1. Not backing a hung parliament. Shortly before the Corbyn-surge, I realised how bad May’s campaign was, and checked the odds for a hung parliament. 14-1. I then went out, got rather drunk, and didn’t check the odds for a couple of days, by which point it was closer to 7-1 and I deemed it bad value.

2. Donald Trump. There were 3 times when I nearly backed him – when he was 25-1 early in his candidacy, when he was 9-1 after a badly-received primary, and then when he was 6-1 after a pussygate, or whatever it was.

3. Brexit. I always thought remain would win, but I said if the odds got to 5-1, then I would stick some money on it – as it would be good value in a tight two-horse race. And on the last day, I saw odds of 6-1 – I was tempted but so convinced my preferred side would win.

4. Emmanuel Macron. This is one that I truly did pick up way before anyone else – way before any bookie, in fact. You could only get odds at Betfair Exchange – 22-1, if I recall correctly, and I chose to wait until other bookmakers offered odds as I didn’t have an account there. And then when he was around 12-1, I chose to wait until his odds went back out to something like 22-1. They didn’t.

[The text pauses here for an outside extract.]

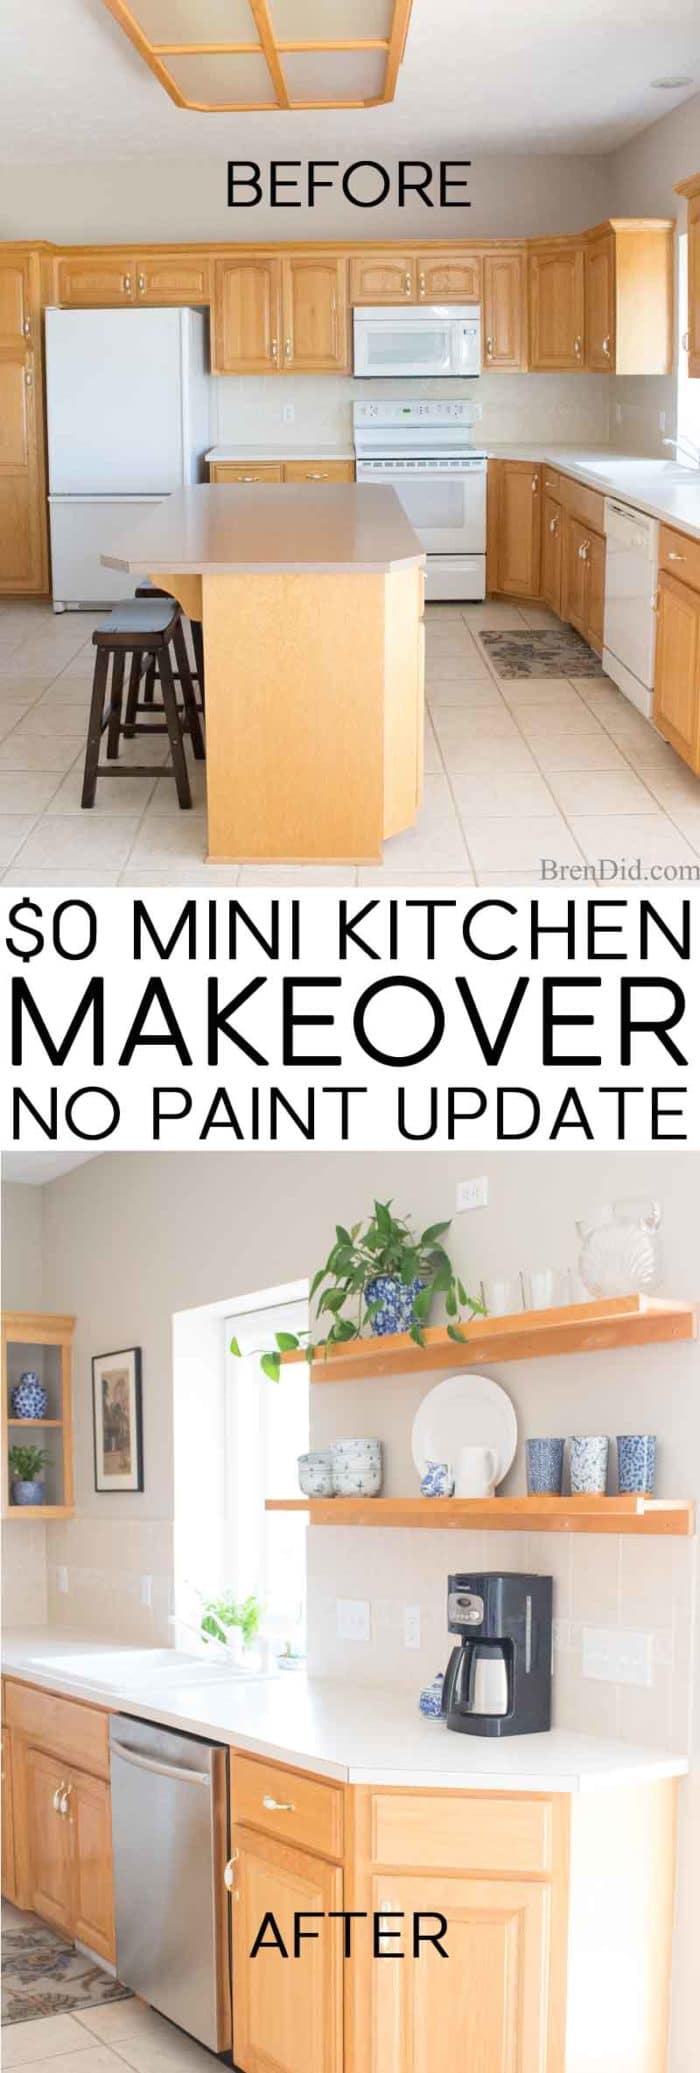 The Amazing $10 Mini Kitchen Makeover - Bren Did

5. Vince Cable. He was 3-1 recently when Jo Swinson was favourite. I couldn’t understand why she was favourite. Then she didn’t run.

6. Jeremy Corbyn. I cannot claim to have even known who he was when he was 200-1 to be next Labour leader. But he was around 25-1 when I noticed that he had the momentum. He still couldn’t win though, surely.

The moral of the story is that I must take more notice of political momentum, trust my instinct, and allow it to overcome my political ‘sense’.

Thankfully, I remain in profit this year.